27.   The respondent says the applicant was only charged for the work completed to that date.

28.   The applicant argues that the respondent breached their agreement by abandoning promised work on the irrigation system and turf installation. The applicant’s submissions suggest that he expected the job completed for the quoted cost, despite the changes to access to the backyard.

29.   Turning to the irrigation system, there is insufficient evidence that the irrigation system was installed in any way deficiently, except that both parties agree it was not finished. Having said that, I find that the $2,205 in work that was paid for by the applicant was completed, based on the respondent’s description and the photographs of the site. I also say this because I find the $2,205 was described as “less than 90%” of the irrigation quote, and not 90% of the quote as the applicant has argued. I accepted the $817 hours of labour to that point, before tax, and $1,283.20 for the irrigation supplies, so I find the applicant received full value for the $2,205 he paid.  As I noted above, the initial quote was to install three lines, but the installation was for four lines, which would have been more expensive.

30.   The fall 2018 agreement to complete the irrigation and turf for the applicant was made based on the conditions at the work site at the time. I find that the applicant changed the access to his rear yard, because his photographs show the backyard, with a retaining wall. I find that it was an implied term of the agreement to complete the irrigation and turf work with the access to the yard as it was in fall 2018. I find that the applicant breached this condition. I find that the respondent was therefore entitled not to complete the irrigation or turf work.

31.   While I accept that the applicant was able to complete the turf installation in the rear yard on his own with a wheelbarrow, this does not mean that the respondent should have had to do so. It was reasonable for the respondent to decide that, given the problems posed with changed access to the backyard, he was no longer prepared to complete the work as quoted.

32.   Even if I had decided that the respondent was liable in breach of contract, the applicant has not proven his damages. He quantified the cost of turf installation at 20% of the respondent’s turf install budget but did not prove that finishing the irrigation or turf work would cost anything different than it would have had he paid the respondent to complete the job.

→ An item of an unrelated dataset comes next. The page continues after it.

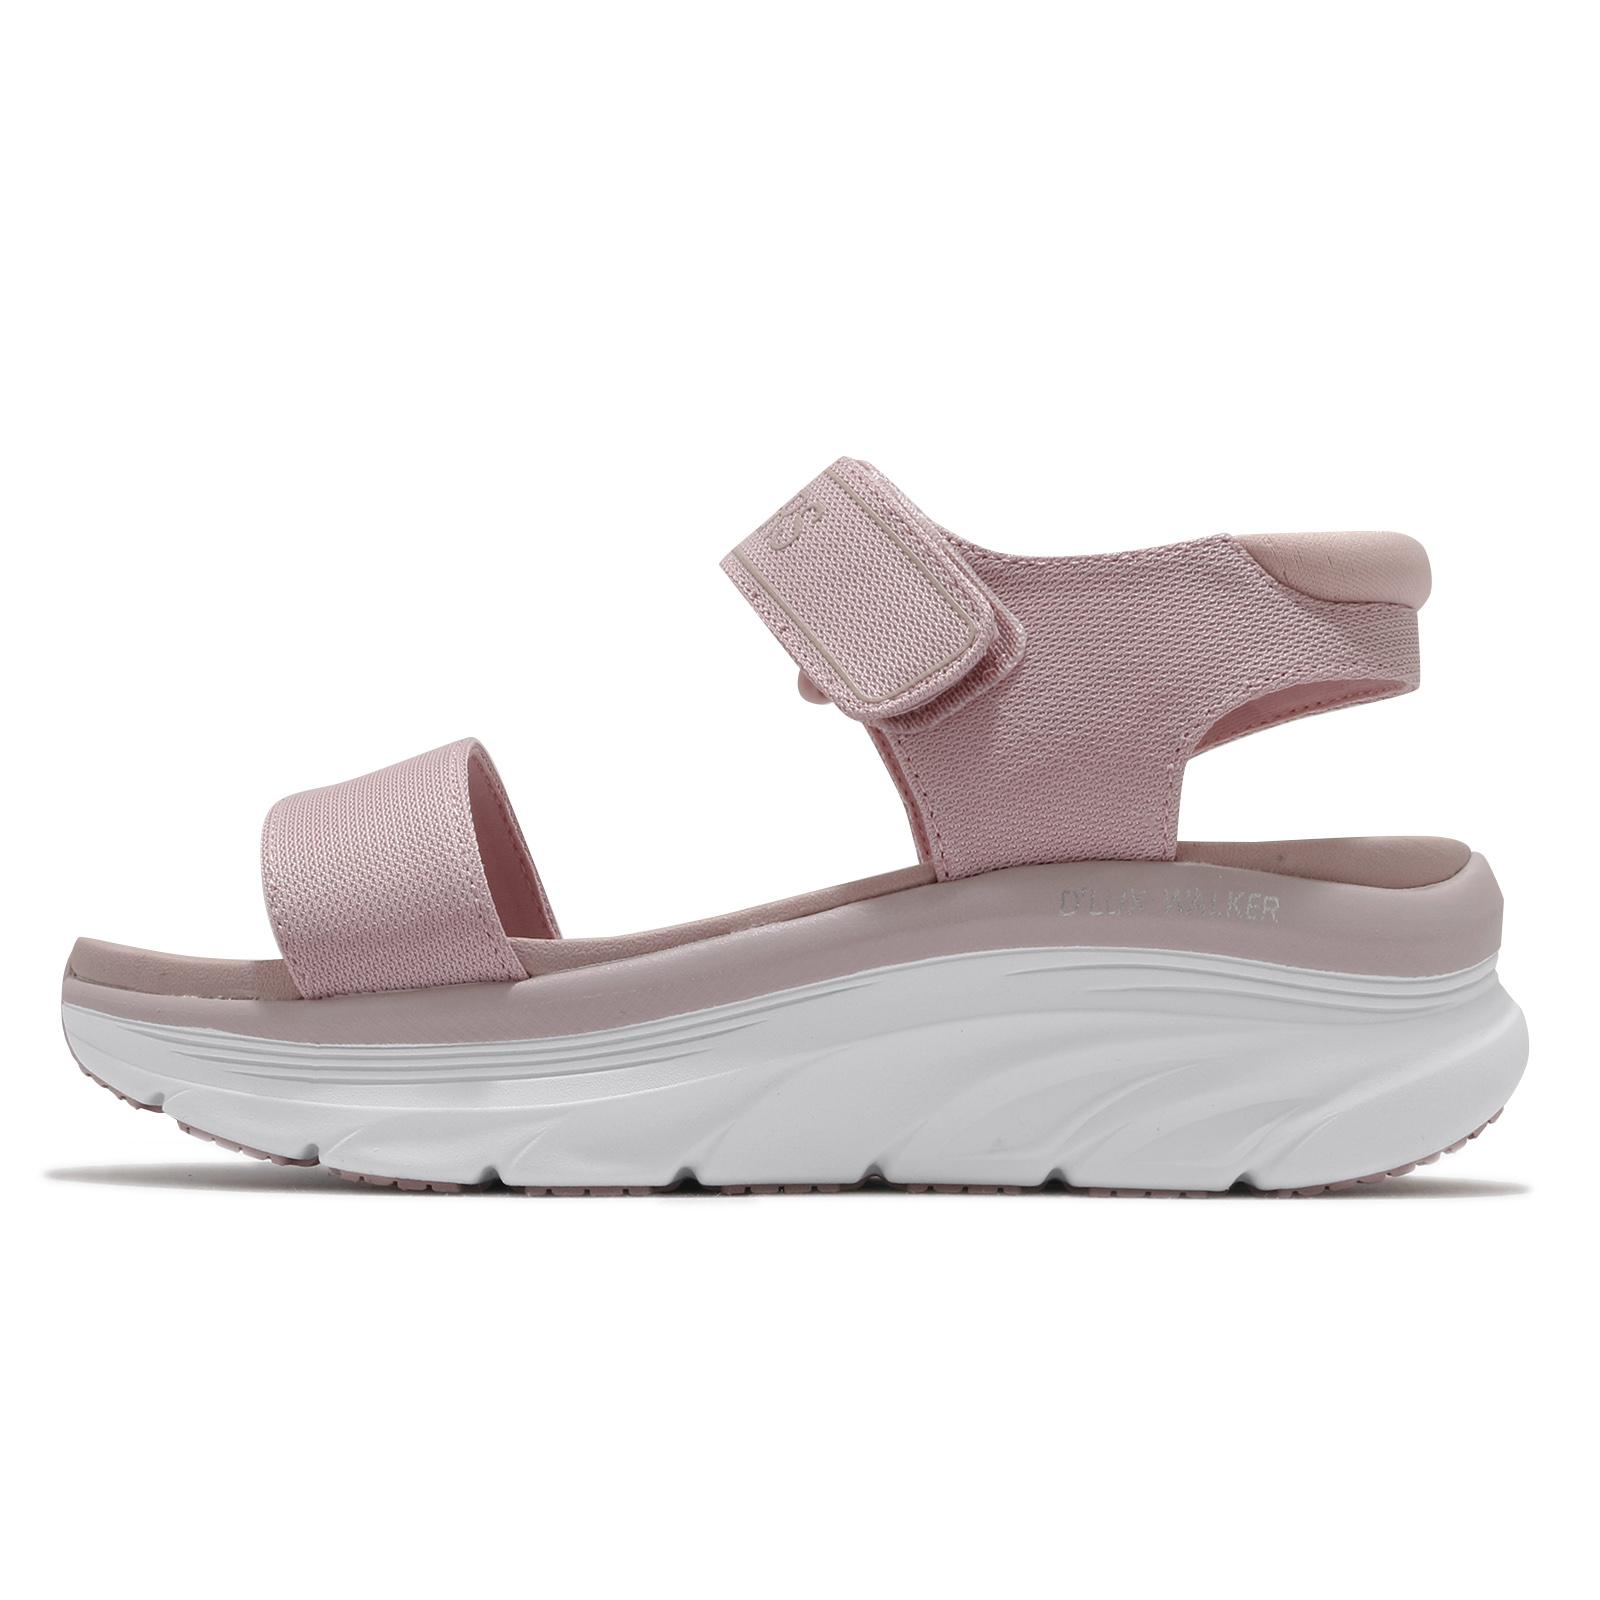 Skechers 涼鞋 D Lux Walker 女鞋 粉 白 魔鬼氈 厚底 增高【ACS】 119226-BLSH

33.   Under section 49 of the Act, and tribunal rules, the tribunal will generally order an unsuccessful party to reimburse a successful party for tribunal fees and reasonable dispute-related expenses. I see no reason in this case not to follow that general rule. As the successful respondent paid no tribunal fees, I make no order in this regard. I dismiss the applicant’s claim for tribunal fees.

ORDER

34.   I dismiss the applicant’s claims and this dispute.